= Balboa Capital Corporation =

Financing company based in Costa Mesa, California

Balboa Capital Corporation is a privately held independent financing company based in Costa Mesa, California.

==Background==

Balboa Capital was launched as an equipment leasing company in 1988 by Patrick Byrne and Shawn Giffin, who were 22 years of age at the time and had graduated from University of Arizona one year prior. It was named after its first office on Orange County’s Balboa Island. Started with a $4,000 investment, Balboa Capital has grown into one of the largest privately held finance companies in the U.S., with a loan volume of about $250 million annually as of 2014.

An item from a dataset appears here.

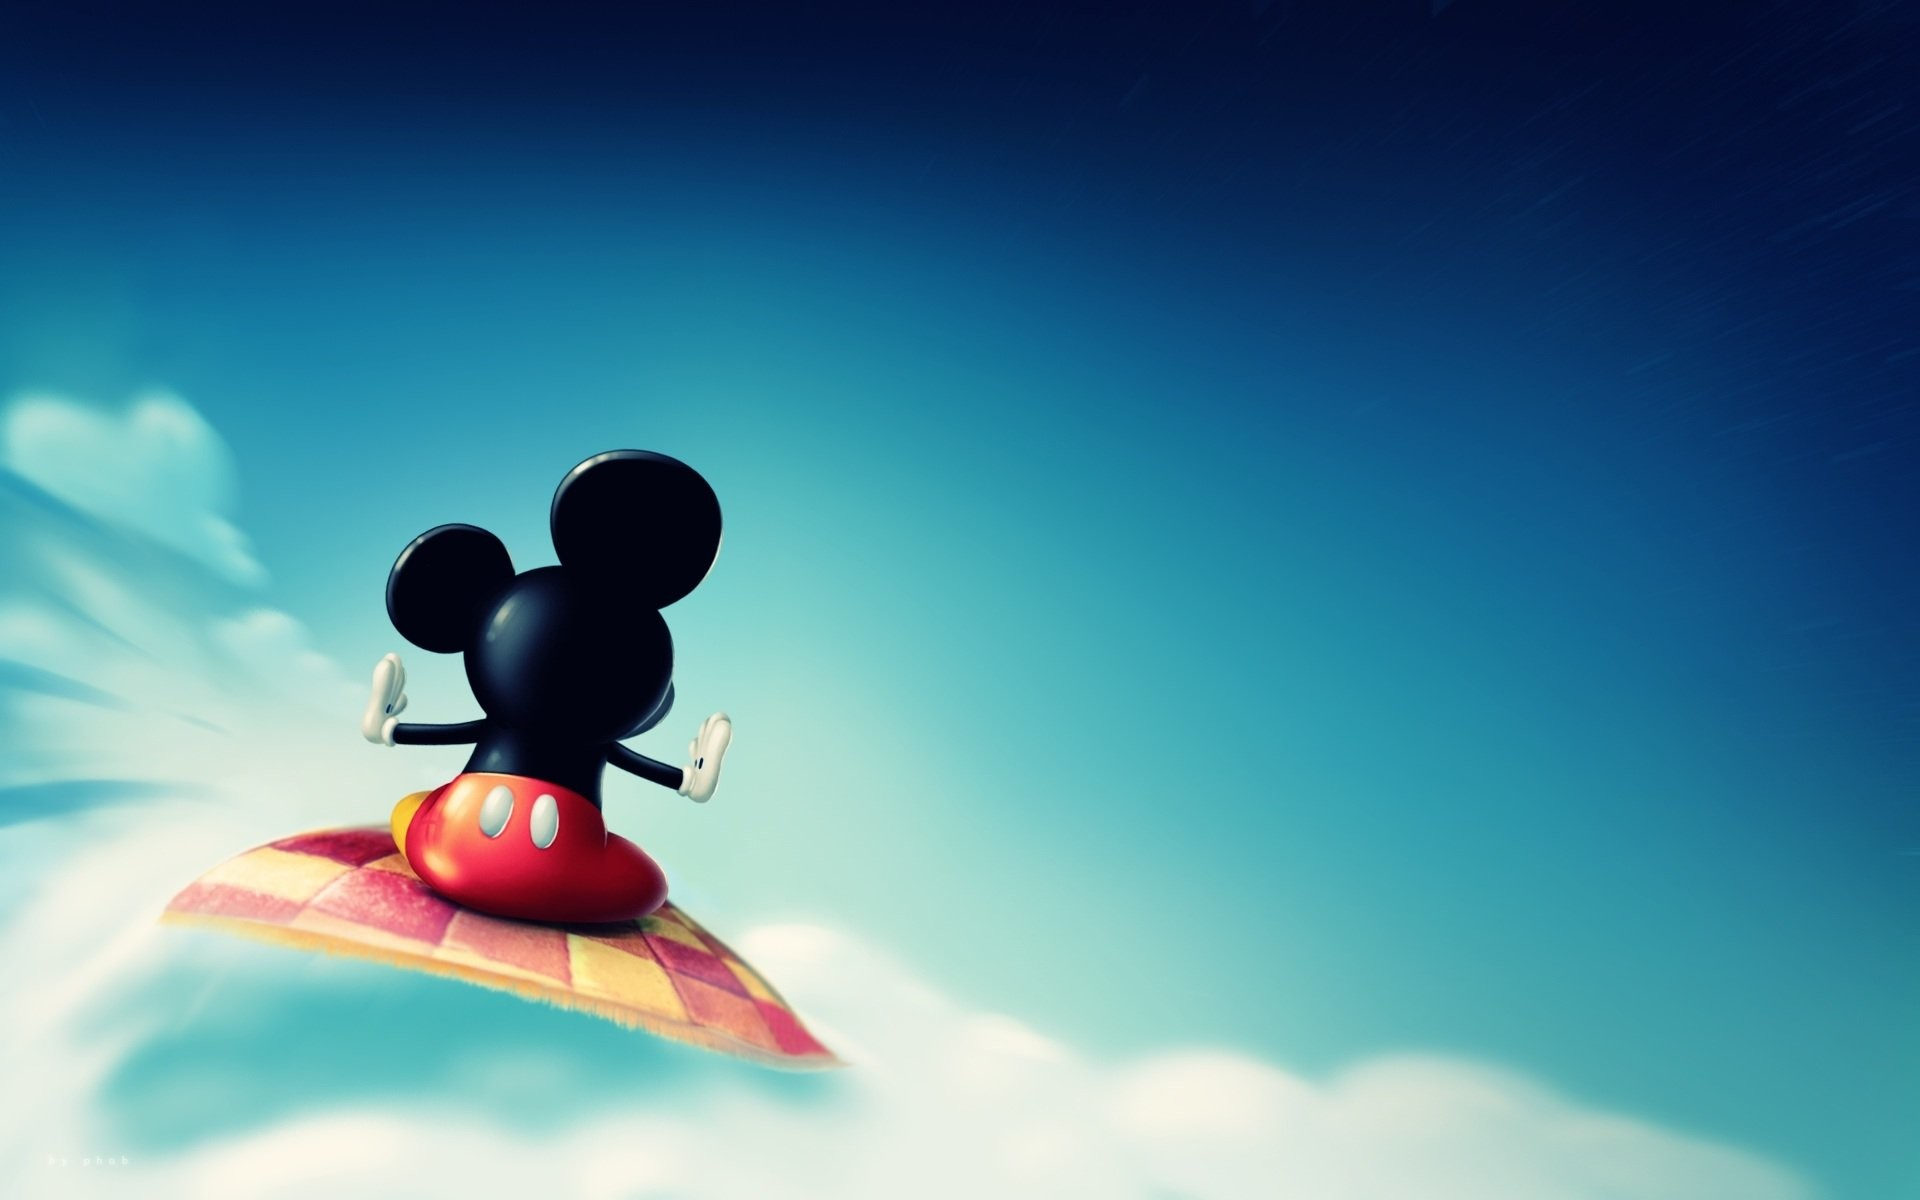 Disney HD Wallpaper (74+ Images

Most of the firm’s business involves leasing arrangements and loans. They specialize in small business equipment loans. Most of the company's lending products are capped at $250,000, with loan terms ranging between three months and two years. Loans are unsecured. The company is a lender for the nationwide franchise expansions of Domino's Pizza and McAlister's Deli.

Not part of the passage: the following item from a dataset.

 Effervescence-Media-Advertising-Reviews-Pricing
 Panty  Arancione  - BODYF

In 2014, the company opened a fourth office in Jacksonville, Florida, to expand its East Coast business. Balboa also has offices in Scottsdale, Arizona, San Ramon, California, and Spokane, Washington in addition to its Costa Mesa office.

A July 2015 article stated that the company added 155 new employees over the last year, and its business increased 77% in the prior quarter.

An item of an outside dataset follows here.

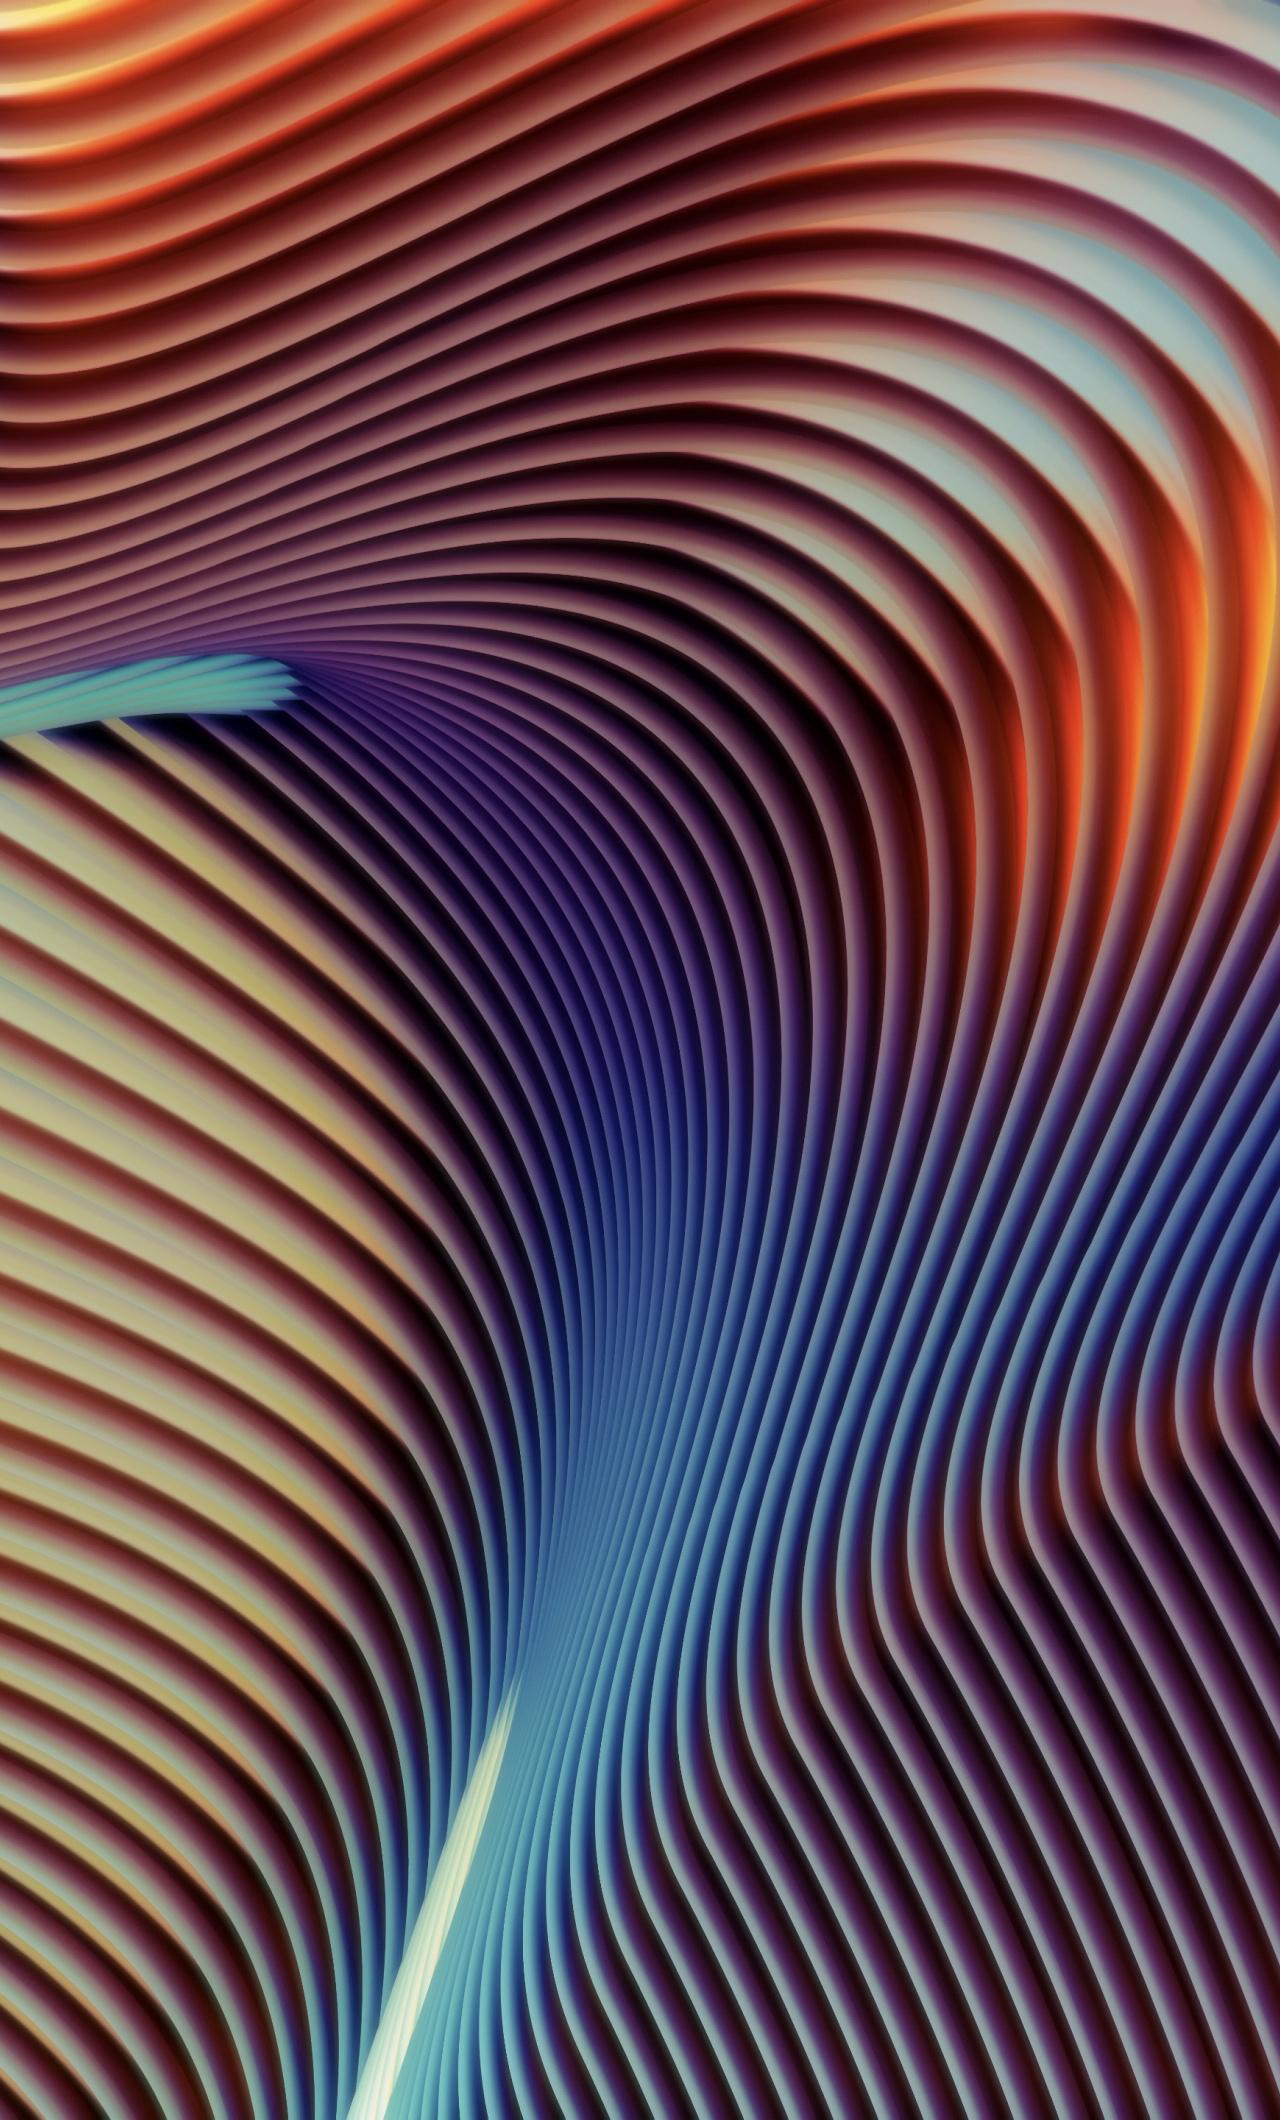 Abstract Colour Wallpaper Samsung , HD Wallpaper & Backgrounds

In December 2021, Ameris Bank, a subsidiary of Ameris Bancorp, acquired Balboa Capital Corporation.

==Recognition==

After a sales growth of 2,652% between 1988 and 1992, Balboa Capital ranked #67 on Inc. Magazine's 1993 list of the 500 fastest growing private businesses in the country, and in 1997, the company was listed as #108 by Inc. Also in 1997, Byrne was one of ten Orange County executives who received entrepreneurship awards from the Ernst and Young accounting firm. In 2018, Business.com chose Balboa Capital as their best alternative lender for small business.